2. The system of claim 1, wherein said first communication link
comprises a firewall.
3. The system of claim 1, wherein said software means for
reversibly scrambling the unique data entry comprises software
which scrambles the unique data entry from several documents, and
assigns and attaches one or more unique identifiers to each unique
data entry.
4. The system of claim 1, wherein said means for securely
transmitting scrambled unique data entry from said network server
to said end user comprises a second communication link to a global
network.
5. The system of claim 4, wherein said global network is the
Internet, a Local Area Network, or a Wide Area Network.
6. The system of claim 1, wherein said means for entering and
verifying each unique data entry comprises one or more remote
keying stations linked to a global network by one or more
communication links.
7. The system of claim 1, wherein said means for ensuring the
accuracy of data entered and verified by said end user comprises
software which transmits said unique data entry to at least one
different end user for entry and verification and accepts said data
entry as accurate if at least two end users enter and verifiy the
data entry identically.
8. The system of claim 1, wherein said means for ensuring the
accuracy of data entered and verified by said end user comprises
software which compares data entry entered by said end user to data
captured by recognition technologies.
9. The system of claim 1, wherein said means for ensuring the
accuracy of data keyed and verified by said end user comprises
software which compares data entry entered by said end user to data
from a cross reference table.
10. The system of claim 1, further comprising means for
compensating said end user for the correct entry and verification
of said data entry.
11. A system for entering and verifying the accuracy of data from a
form comprising: a control unit for inputting information from a
document to be verified and defining a plurality of data fields
from the document such that each data field defines and corresponds
to at least one unique data entry; a computer system comprising an
application server and a database server, said computer system
connected to said control unit, said computer system having
software which reversibly scrambles the unique data entry from the
form and assigns and attaches one or more unique identifiers to
each unique data entry; a network server linked to said computer
system by a secure communication link; a global network linked to
said network server for securely transmitting scrambled unique data
entry to an end user; at least one remote keying station linked to
said global network by one or more communication links; and network
server and computer system software which receives data entered by
said end user, compares the data entry to data entry from at least
one different data entry source, and accepts the data entry as
accurate if at least two data entry sources enter and verifiy the
data entry identically.
12. The system of claim 11, wherein said global network is wherein
the global network is the Internet, a Local Area Network, or a Wide
Area Network.
13. The system of claim 11, further comprising means for
compensating said end user for correctly entering and verifying
each data entry.
14. A method for entering data and verifying the accuracy of data
from a form comprising: inputting a form using a control unit;
defining a plurality of data fields on the form to be entered and
verified; defining one or more unique data entries from each data
field to be entered and verified; extracting each unique data entry
to create a snippet; reversibly scrambling said snippet to ensure
confidentiality of the form; transmitting said snippet to an end
user via a communication link to a global computer network; using a
graphic user interface to present said snippet to said end user to
allow said end user to correctly enter and verify data entry
corresponding to said snippet; receiving said entered and verified
data entry from said end user; and accepting as valid said entered
and verified data entry if confirmed as accurate against data entry
from at least one other source.
15. The method of claim 14, wherein said end user receives
remuneration for correctly entering and verifying each data
entry.
16. The method of claim 14, wherein the step of defining one or
more unique data entries from each data field further comprises
dividing data fields into sub-fields so that no single unique data
entry or snippet represents the entire data field.

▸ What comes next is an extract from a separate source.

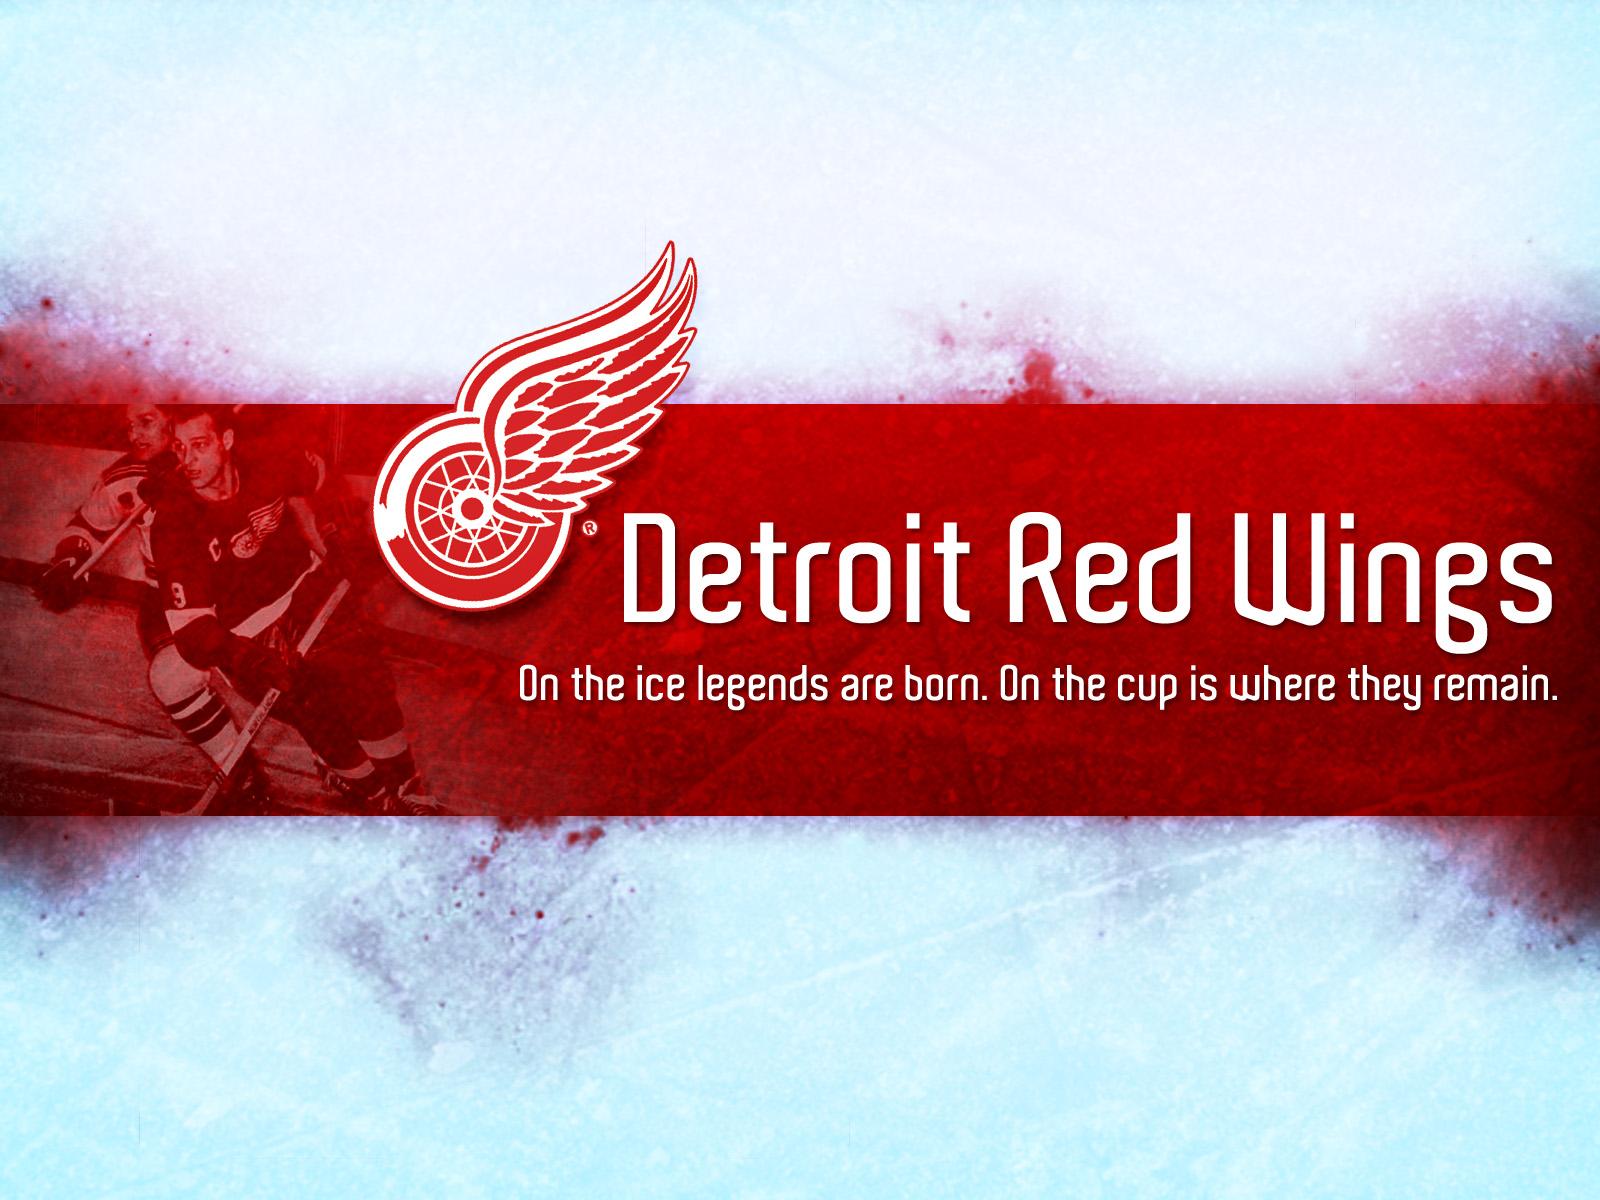 red wings logo wallpaper 1600x1200

17. The method of claim 14, further comprising the step of randomly
ordering said data fields so that no two snippets corresponding to
said data fields from the same form are ever dispatched to the same
end user.
18. The method of claim 14, further comprising the step of
administering access by individual remote end users based upon the
individual end user's performance.
19. The method of claim 14, further comprising the step of
improving data entry efficiency and accuracy by end users by
ensuring that indecipherable fields are never presented to remote
end users.
20. The method of claim 14, further comprising the steps of
ensuring that end users are aware of the type of data which is
expected to be entered for a given field.
21. The method of claim 14, wherein the global computer network is
the Internet, a Local Area Network, or a Wide Area Network.
22. The method of claim 14, wherein said end user is a remote end
user.
Description
FIELD OF THE INVENTION
[0001] The present invention is directed to online computer
systems. In particular, the present invention is directed to the
field of online data capture, data entry, and verification, and in
particular, to remote and distributed data capture, data entry, and
data verification for documents and forms containing confidential
information, such as tax forms, credit card applications, loan
applications, membership applications, medical claim forms, and the
like.
BACKGROUND OF THE INVENTION
[0002] The Internet or World Wide Web is one of the most critical
technological developments of the late 20.sup.th Century. The
Internet has provided vast economic opportunities for numerous
businesses and industries to vastly expand the number, quality and
manner of their services. One of the earliest and fastest growing
areas of Internet activity has been in providing rapid,
up-to-the-minute business information. To date, a large number of
patents have issued on Internet related systems that cover a wide
array of business information and electronic commerce (e-commerce)
applications.
[0003] Traditional Data Entry
[0004] Historically, the problem of data capture, data entry, and
data verification has been a difficult and time-consuming task.
Data entry has been used since the inception of computers for the
purpose of transferring information that exists outside the
computer into the computer for processing. The procedure of
capturing information on paper forms and transferring it into an
electronic format is known as data capture. The key to efficient
data capture is to maximize user reading and keying speeds while
minimizing reading and keying errors. While the process of data
capture would appear to be a straightforward process, rarely is it
a core competency of government agencies, credit card bureaus and
other organizations that must process large quantities of hand
written or machine printed data forms in order to accomplish their
business objectives. Hence, data capture remains a problematic and
expensive endeavor for governments and businesses.
[0005] There are three primary methods of data capture utilized
today: 1) key-from-paper (KFP); 2) key-from-image (KFI); and, 3)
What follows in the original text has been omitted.